Defendant's petition to remand this cause to the Court of General Sessions is denied.
The Court of General Sessions is not a federal court within the meaning of 28 U.S.C. § 451. Tate v. United States, 123 U.S. App. D.C. 261, 359 F.2d 245, 251 (1966). It is the counterpart of a state court and has, by Act of Congress, limited jurisdiction. Ridgley v. United States, D.C. Mun. App., 45 A. 2d 475 (1945).

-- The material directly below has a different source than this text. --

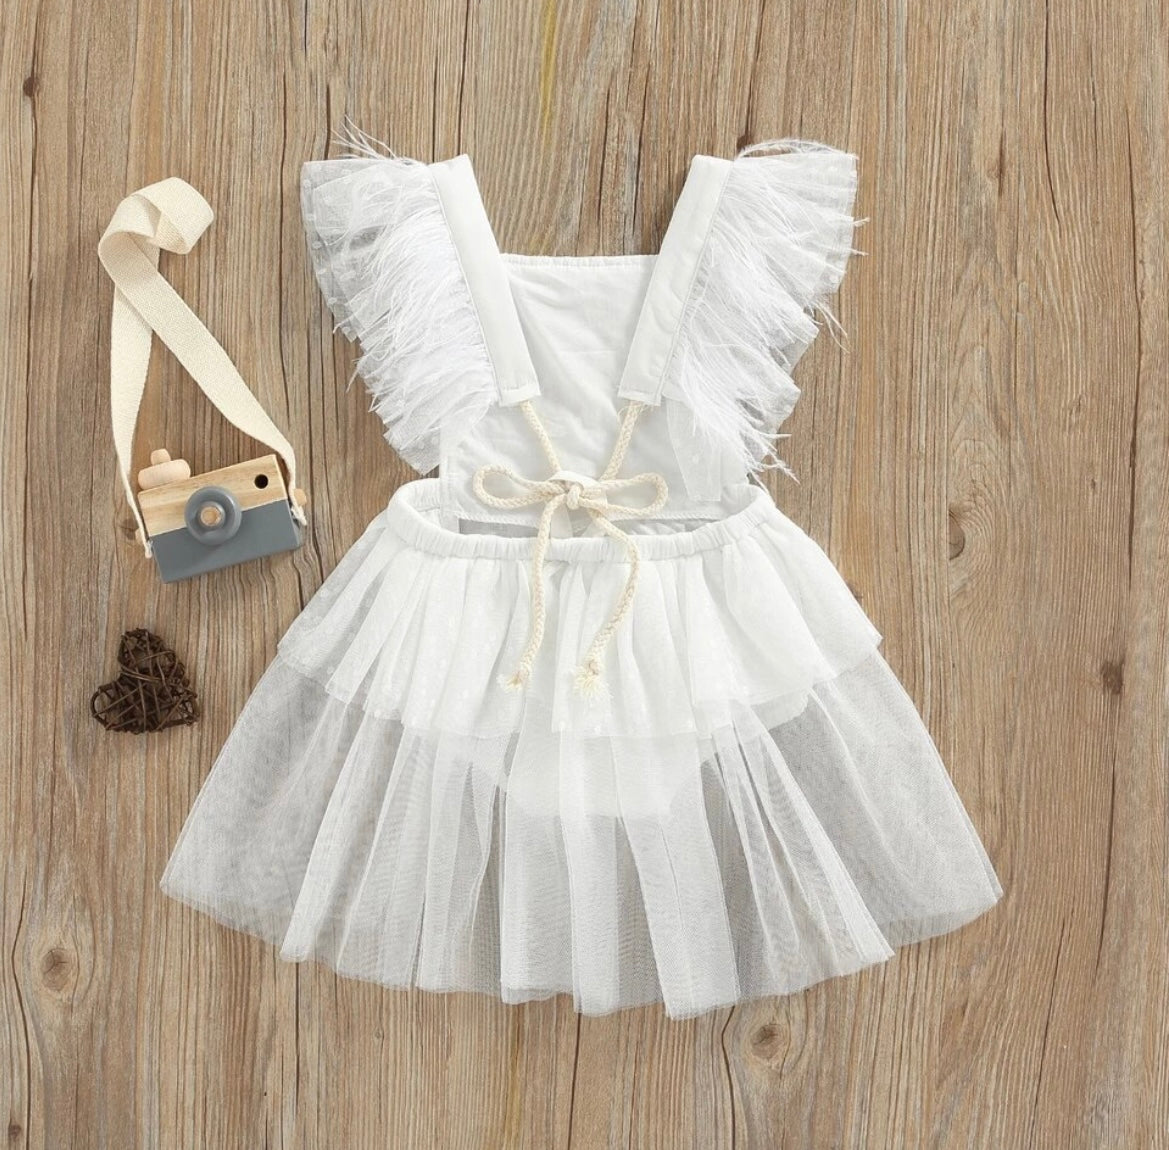 Girls First Birthday Lace “One” Romper - White.

Numerous decisions in this jurisdiction have recognized the rule that generally prevails throughout the federal system that in cases involving federal officers, where defenses are available arising from their federal duties, the right of removal to the federal court is absolute. See, e.g., Brown v. Weschler, 135 F. Supp. 622, 624 (D.D.C. 1955); Lemley v. Mitchell, 304 F. Supp. 1271 (D.D.C. 1969). This broad doctrine has no exceptions and is a recognition of federal supremacy. Willingham v. Morgan, 395 U.S. 402, 89 S. Ct. 1813, 23 L. Ed. 2d 396 (1969). It makes no difference whether the action sought to be removed is criminal, civil, ancillary or sui generis. North Carolina v. Carr, 386 F.2d 129 (4th Cir. 1967). The purpose of 28 U.S.C. § 1442(a)(1) is to ensure that federal officers or agents shall not be forced to answer for conduct assertedly within their duty in any court except a federal court. The Director of the Federal Bureau of Investigation and other federal officers, agents and employees affected by the second ordering paragraph of Judge Alexander's Order of November 10, 1970, may remove the proceeding against themselves to the District Court. Removal of this aspect of the litigation has occurred on proper petition and this aspect of the proceedings stands removed.
There shall be no further proceedings in the matter which has been removed without further order of this Court and counsel are requested to appear for a status conference on December 15, 1970, at 9:30 a.m.